Using Machine Learning at Scale in Numerical Simulations with SmartSim
Using Machine Learning at Scale in Numerical Simulations with SmartSim: An application to ocean climate modeling
Paper Resources
- Link: https://doi.org/10.1016/j.jocs.2022.101707
- Code: https://github.com/CrayLabs/NCAR_ML_EKE
- Dataset: https://doi.org/10.5281/zenodo.4682270
Highlights
- Improves a large-scale, realistic simulation with online machine-learning inference
- Introduces a software framework for using machine learning in numerical simulations
- Cross language (Fortran, C, C++, Python) support for machine-learning interfaces
- Uses a distributed, in-memory database (Redis) for scaleable data transfer and ML inference
Abstract
We demonstrate the first climate-scale, numerical ocean simulations improved through distributed, online inference of Deep Neural Networks (DNN) using SmartSim. SmartSim is a library dedicated to enabling online analysis and Machine Learning (ML) for high performance, numerical simulations. In this paper, we detail the SmartSim architecture and provide benchmarks including online inference with a shared ML model, EKE-ResNet, on heterogeneous HPC systems. We demonstrate the capability of SmartSim by using it to run a 12-member ensemble of global-scale, high-resolution ocean simulations, each spanning 19 compute nodes, all communicating with the same ML architecture at each simulation timestep.
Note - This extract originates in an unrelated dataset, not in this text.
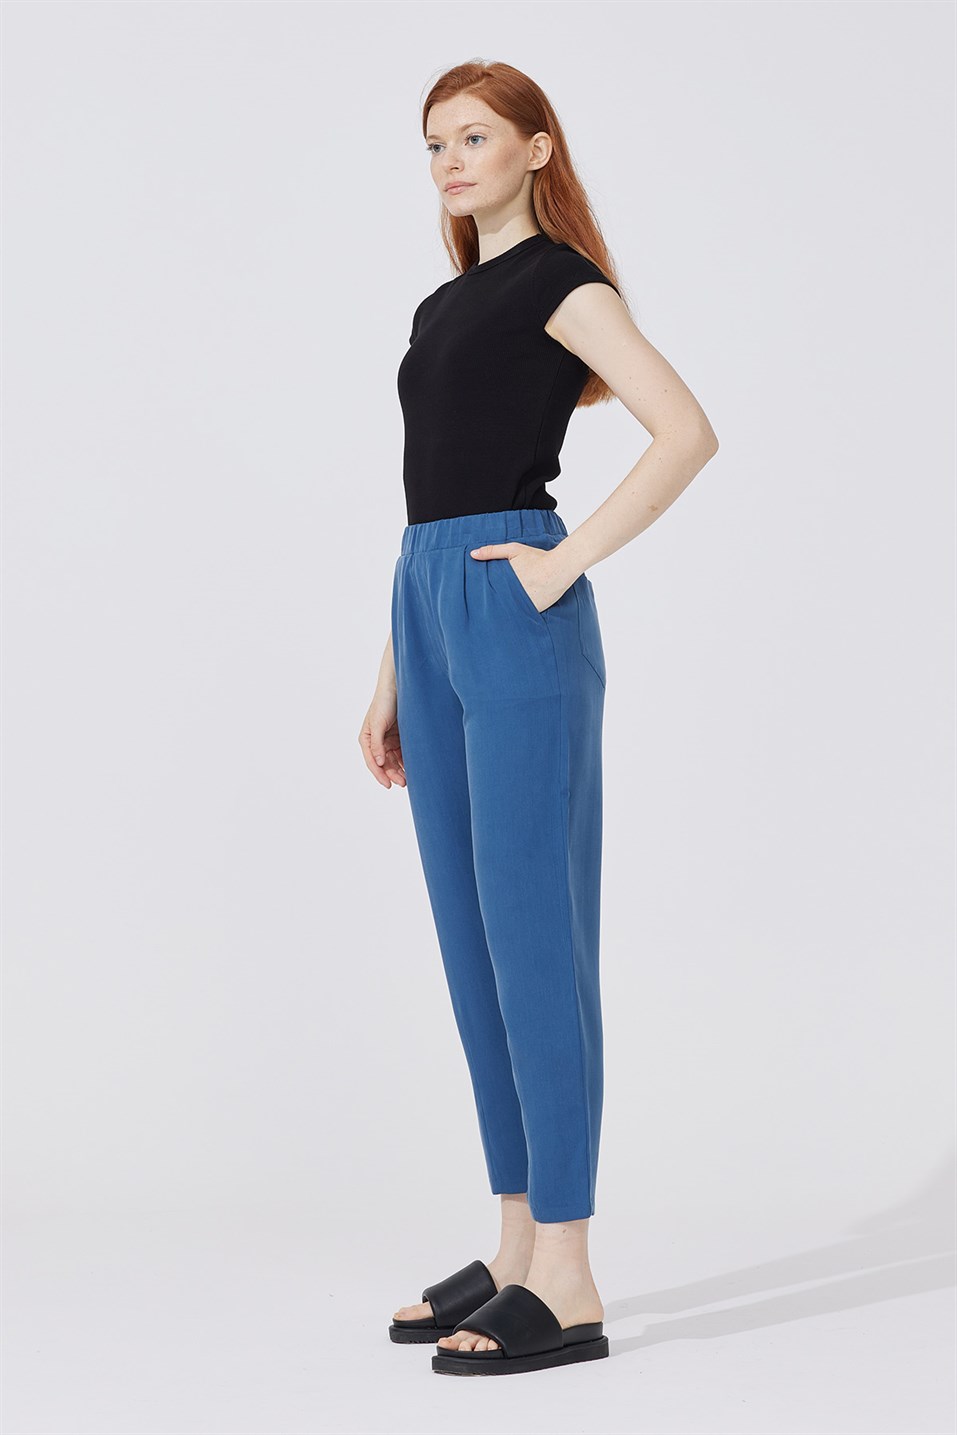 Saxe Pleated Tencel Trousers
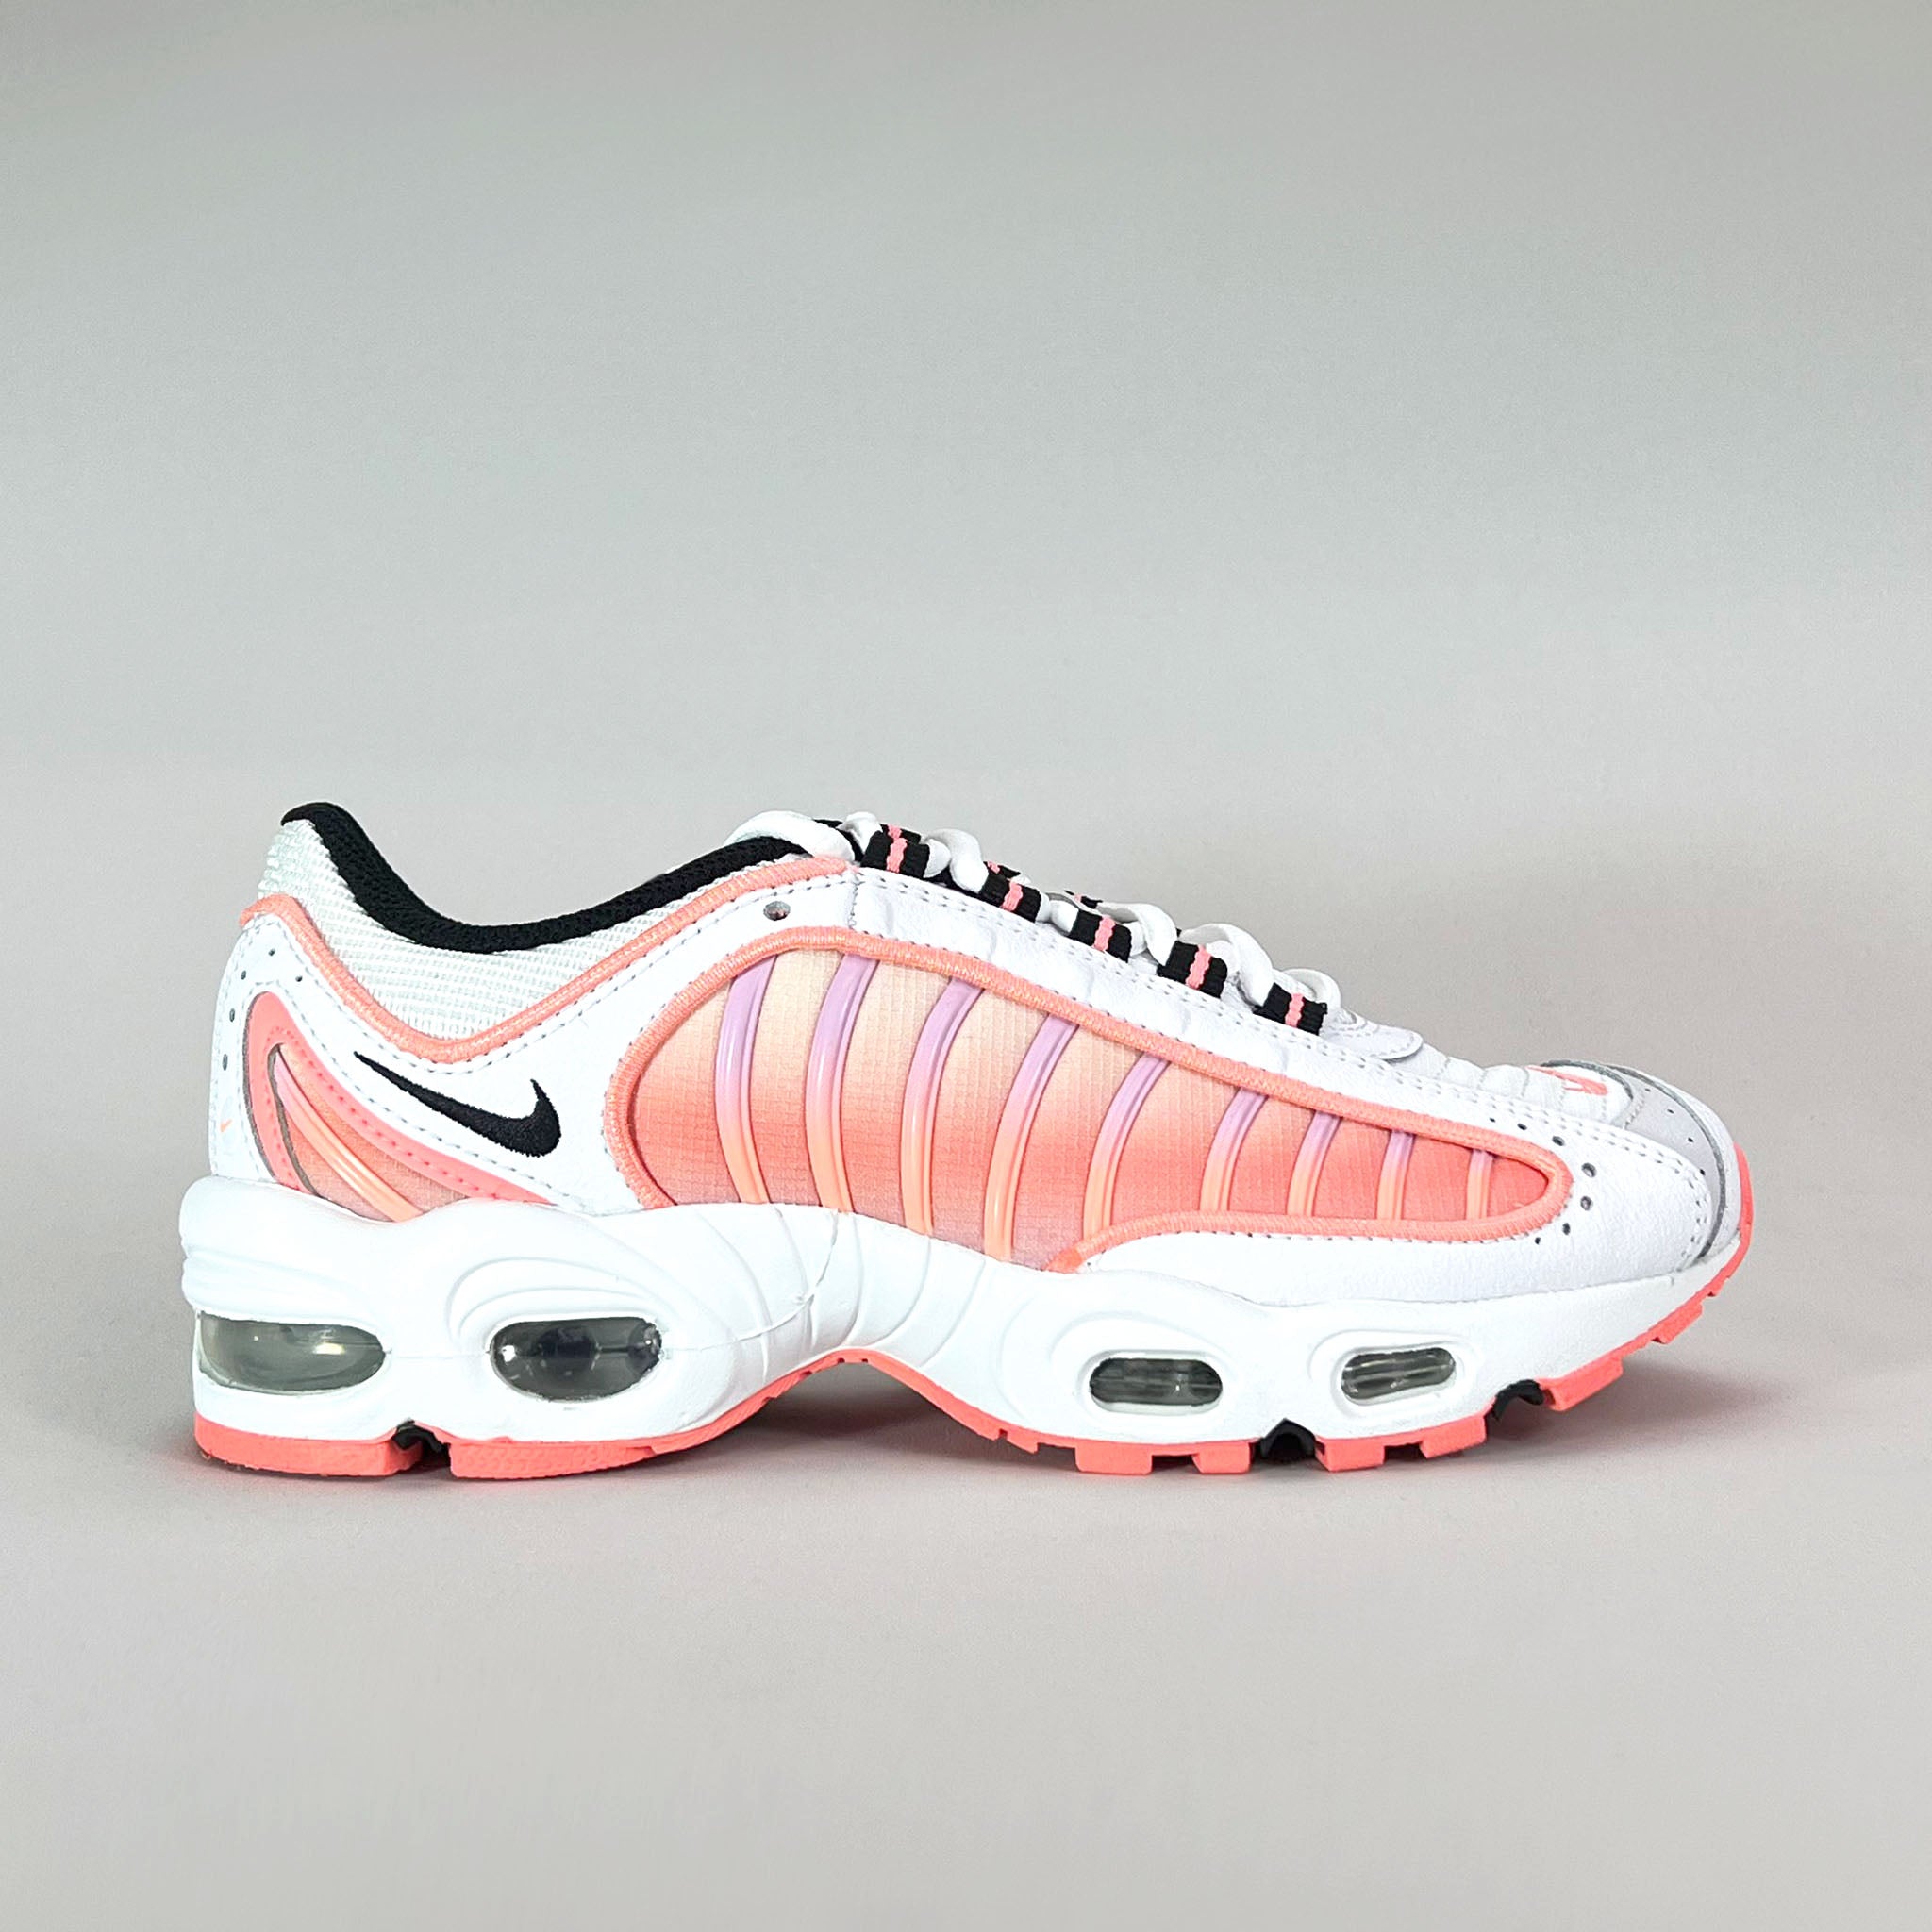 Nike Air Max Tailwind 4 Soft Pink (Women's)

In total, 970 billion inferences are collectively served by running the ensemble for a total of 120 simulated years. The inferences are used to predict the oceanic eddy kinetic energy (EKE), which is a variable that is used to tune different turbulence closures in the model and thus directly affects the simulation. The root-mean-square of the error in EKE (as compared to an eddy-resolving simulation) is 20% lower when using the ML-prediction than the previous state of the art. This demonstration is an example of how machine learning methods can be integrated into traditional numerical simulations, replace prognostic equations, and preserve overall simulation stability without significantly affecting the time to solution.